JE: You talk about technology in your stores. You don’t have scanner technology at all?

DG: No.

JE: That’s because?

DG: Well, I put a chapter about it in my book. That could take a 30-minute segment there. I’ll just say that my three competitors have it and two of them lost money last year. One of them barely got their head above water and we are very, very profitable. So, I can say that there is no guarantee that it’s going to make you money.

JE: And you don’t see using it in the future at all?

DG: No.

JE: I guess they put them in thinking the lines move faster?

DG: They do and so I have to have one extra checkout girl that costs me $30,000 a year.

Maybe that is the negative aspect of it, but the positive aspect is…one of the problems

with companies is that they think they can run their stores from the home office with computers. I don’t want to run it. I want someone every week checking every item in every department because there’s nothing more important. Sixty percent of our items we only sell one or two a month. So if someone steals one or two of these items, I don’t have it on the counter. How much does that cost me? When someone breaks something, there’s no accounting for it. But quarterly, I come back in and I check these things to get it back in stock. So I am checking every item, every week in every store to make sure that I have got those items for the customer. That is more important to me than for me to try to take over the replenishment system in the stores. So that is the positive side from my standpoint. Instead of saying, look, I don’t need you guys. Instead of using you, I am going to use the computer to replenish your stores. So we do a much, much better job than any of our competitors.

JE: So the old-fashioned way of just plain counting works?

DG: Yes. They don’t have to count every item, but they can see and we give them a basic idea of what they should have on the shelf of every store based on their volume.

Chapter 14 – 6:22 Companies

John Erling: It just so happens that last week Forbes’ List of the wealthiest people in America came out. You are one of the wealthiest people in Oklahoma, or the company is, with $2 billion. How does that make you feel when that information goes public and you see that those numbers are out there?

David Green: Well, I don’t know where they get them. They know my sales because I tell people my sales, but I don’t tell them the profit, so they come up with that. I’ve asked not to be in there. We would prefer not to be in there. It’s not something that I can control.

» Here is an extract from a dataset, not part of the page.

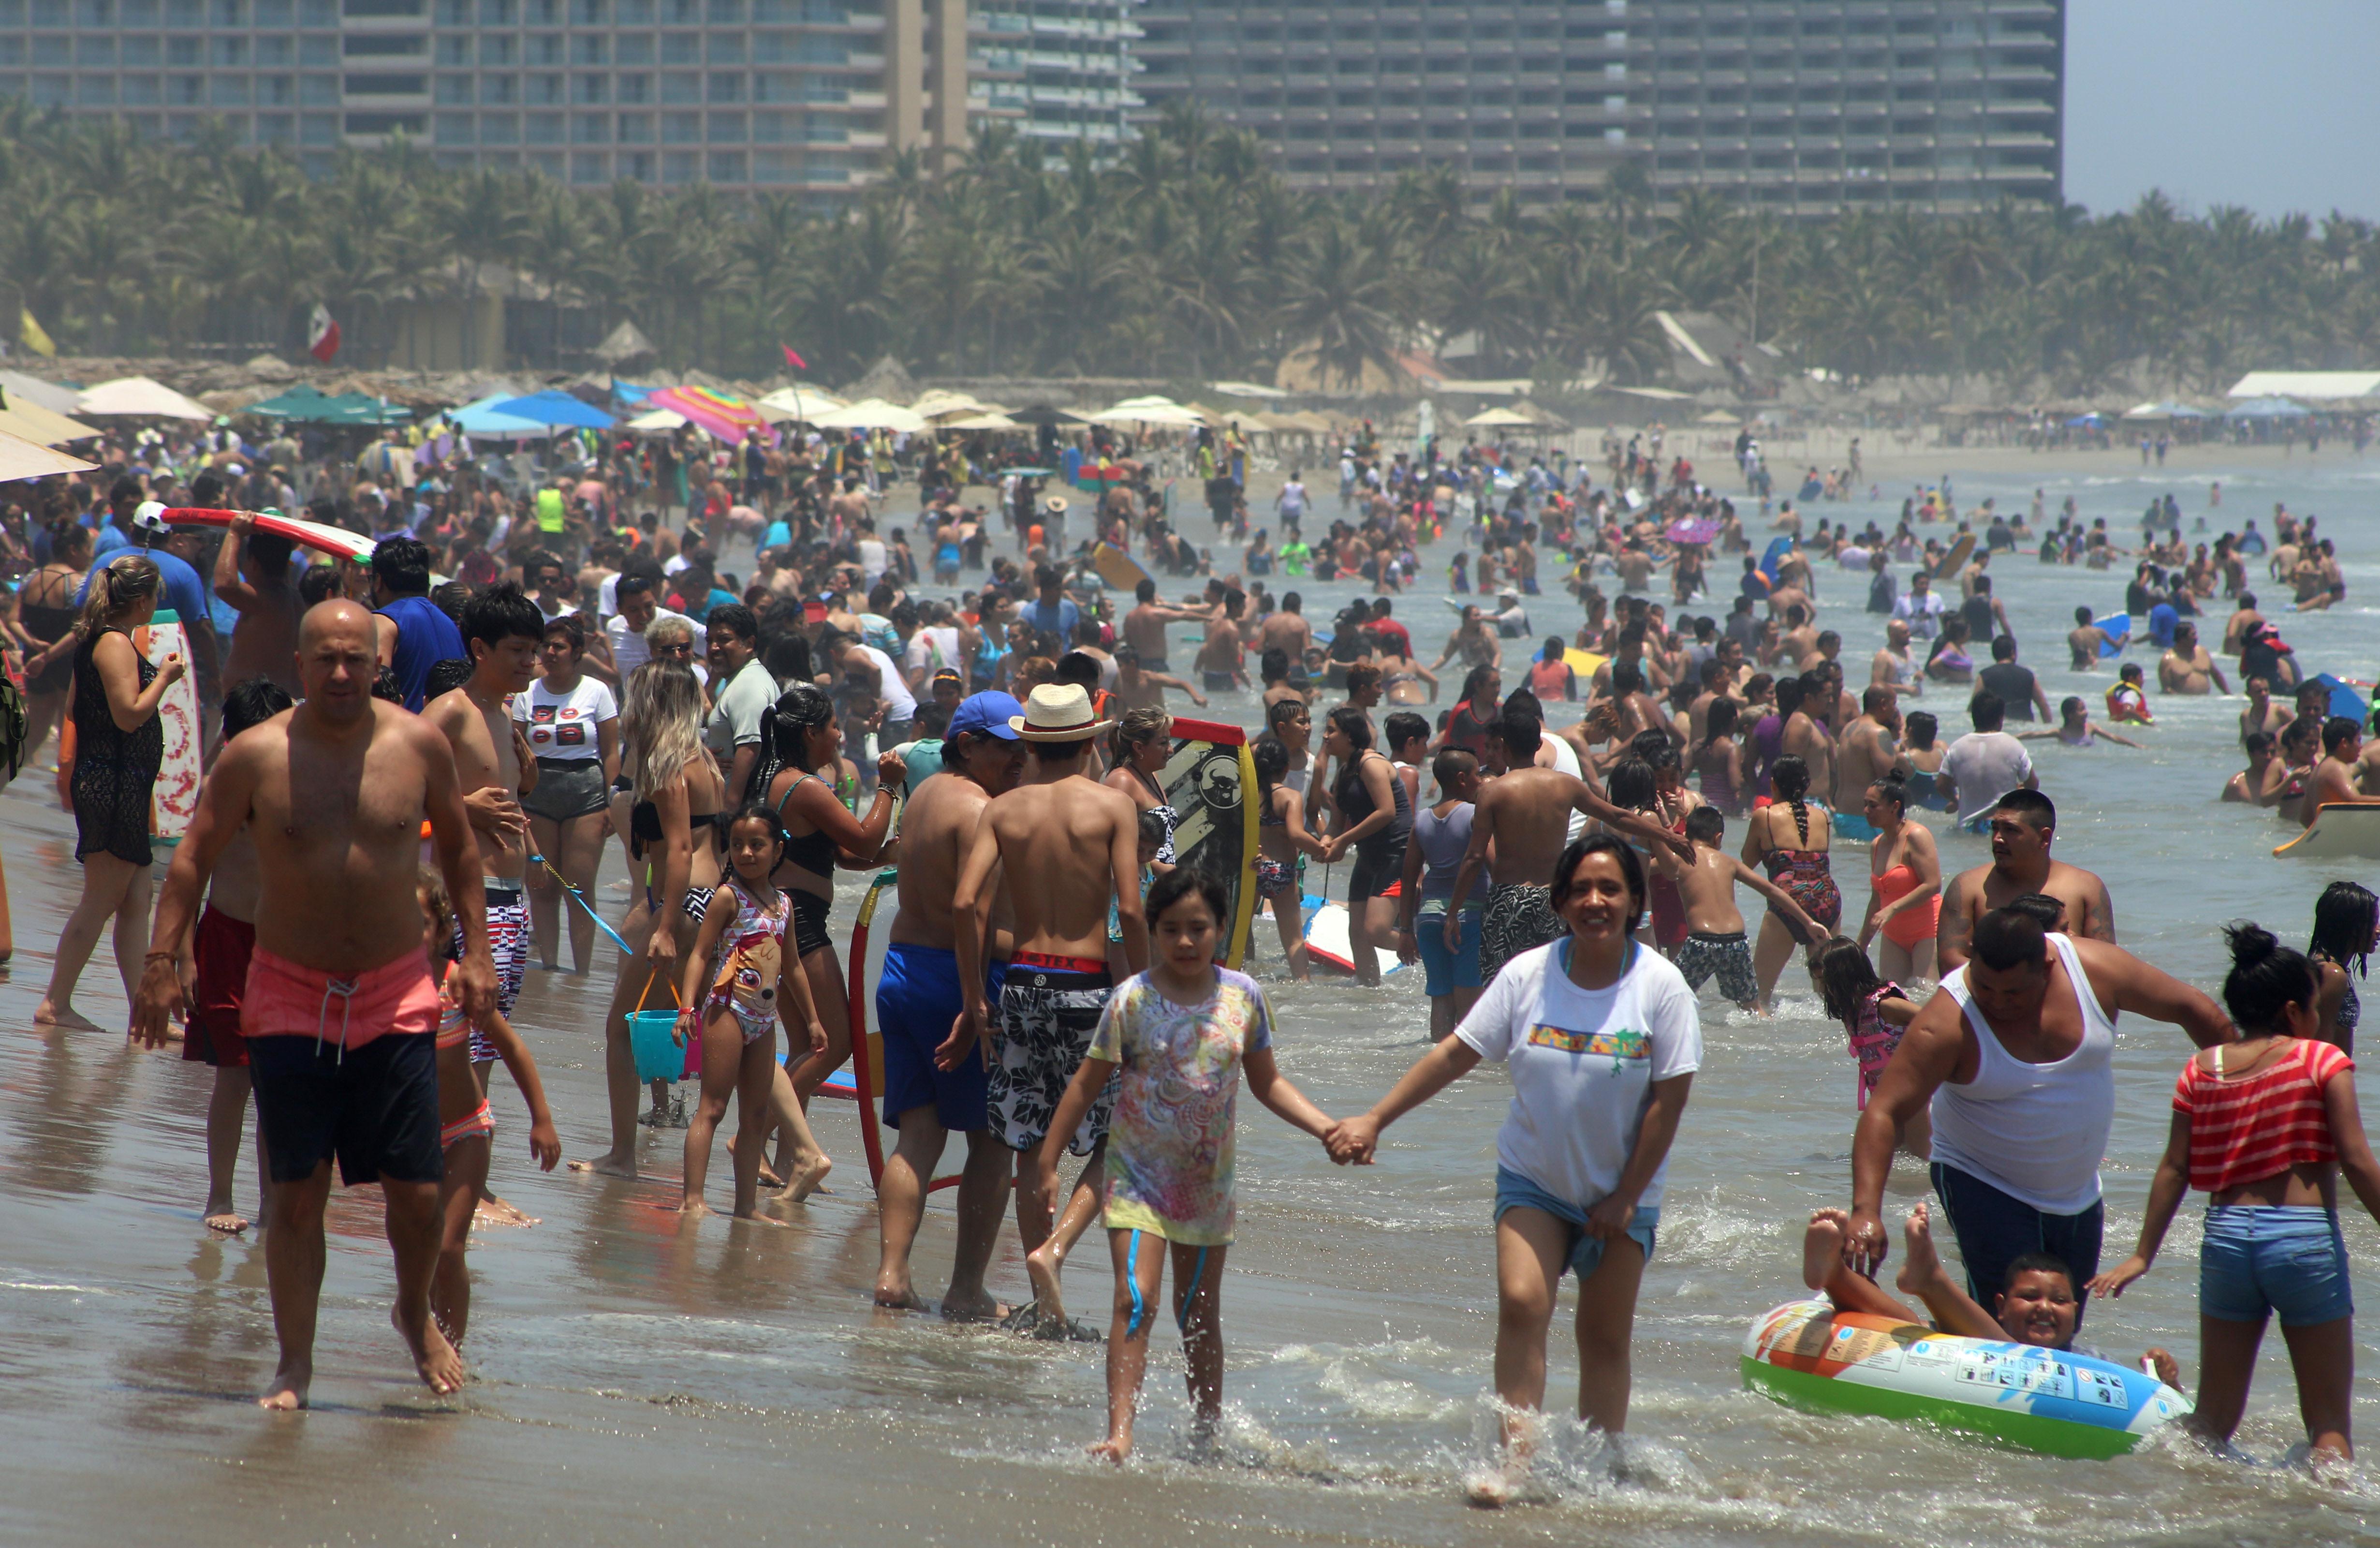 ACAPULCO, GUERRERO, 19ABRIL2019.-Autoridades de la Secretaría de Turismo informaron que hoy el puerto de Acapulco alcanzó un 84.8 por ciento de ocupación hotelera. En la gráfica se aprecia la playa Revolcadero ubicada en la zona Diamante del puerto, una de las visitadas por los vacacionistas. FOTO: ALBERTO CARBAJAL /CUARTOSCURO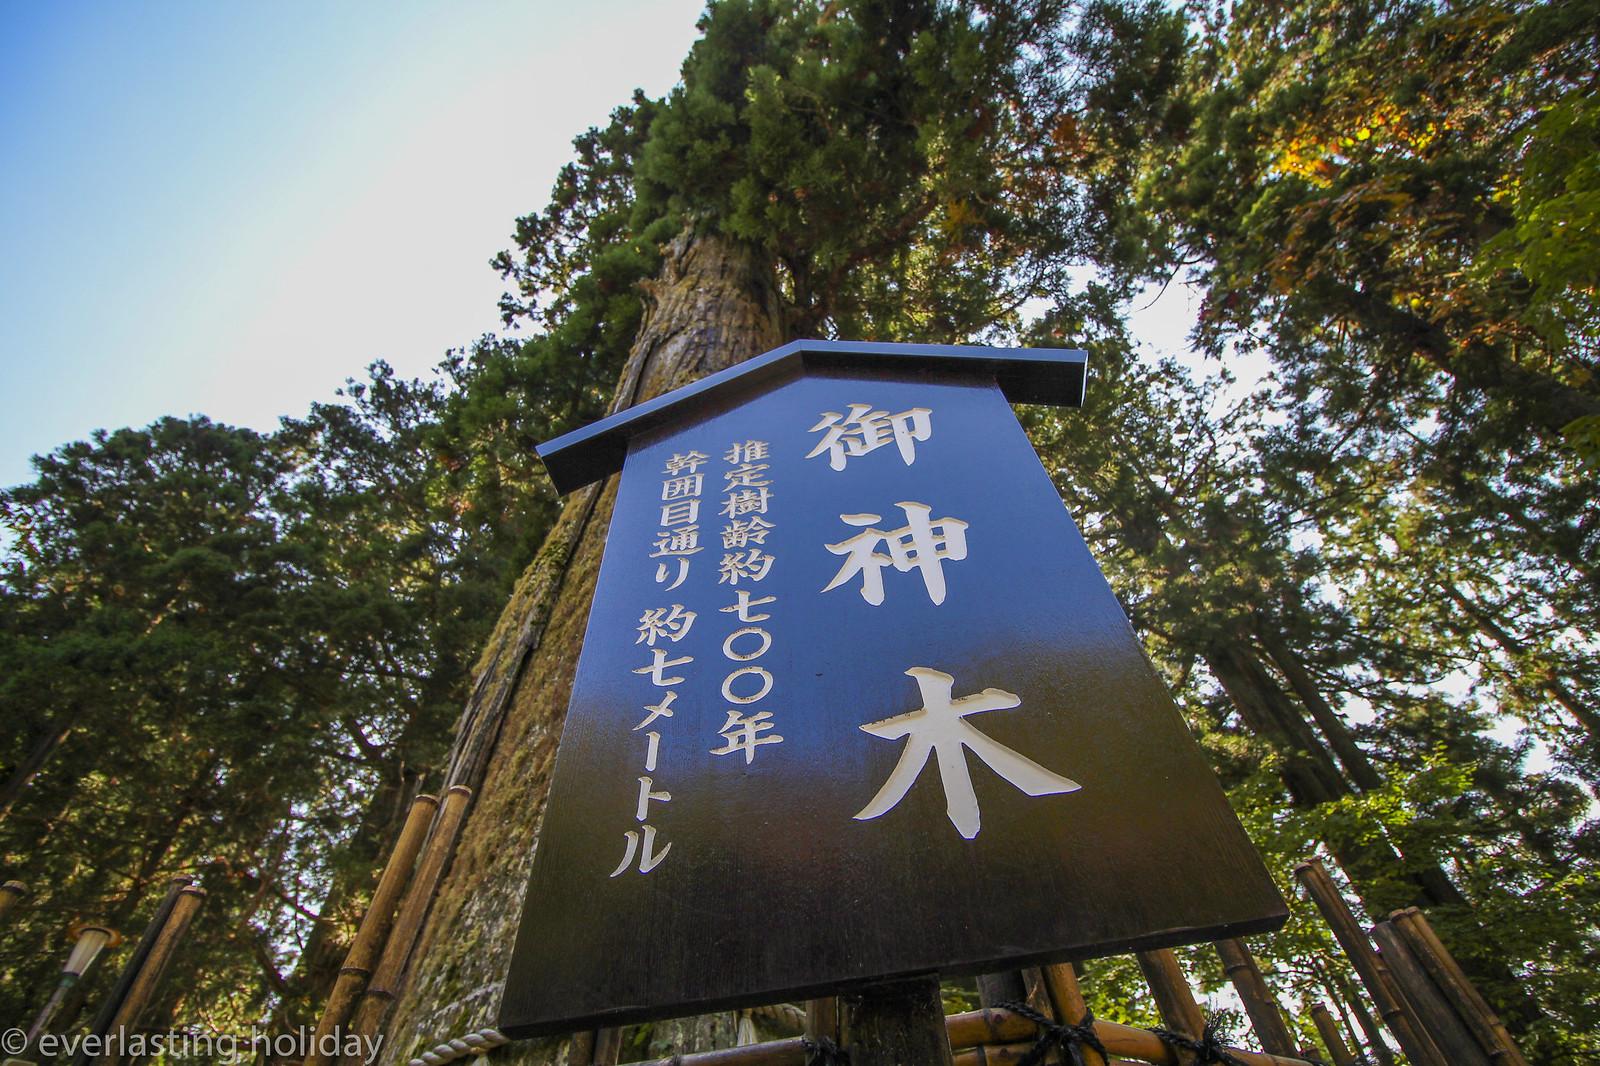 戸隠神社 Togakushi-jinja Shrine-0004

When they talk to me, I at least try to witness to them. If there is something said about us I hope it’s about how we try to serve the Lord and how we try to run our business based on biblical principles. So they’ve gone some language from me, but it’s only because I know it’s going to be there. I have asked not to be there, so I might as well try to witness if I am going to be in their magazine.

JE: As students listen to this, here you are listed that way, but then we have already talked about back in the 1980s there was a time when OG&E came to turn off the electricity.

DG: That’s right.

JE: Creditors wanted money and your nerves had to be shot with many sleepless nights.

DG: Right.

JE: That’s when you talked to God crying out for the right direction. Yes, you are seen in that light. This has not always been an easy street.

DG: No. It’s been very difficult. Especially in the beginning, we had a lot to learn. We learned a lot and we learned the hard way. In some cases we grew to fast, but when we were

growing fast also the economy was hot. Then all of a sudden, we weren’t poised for tough times. Today we have no long-term debt. As of next month every warehouse building around here will be all paid for. We are very profitable with no debt. Part of what we’ve learned is we feel like we are God’s son and he doesn’t want us in debt anymore than we would want our son in debt. We are glad that God has blessed us to the point that we don’t have to borrow money. We haven’t borrowed any money from the bank this year and don’t intend to unless some opportunity comes along that we feel like is the right this for us.

JE: You probably have banks calling on you now with all of this?

DG: Yeah, they take the umbrella away when it’s raining and they give it to you when it’s not, so that’s just the nature of banks. But I have to say that our banks have been very, very good to us over the years.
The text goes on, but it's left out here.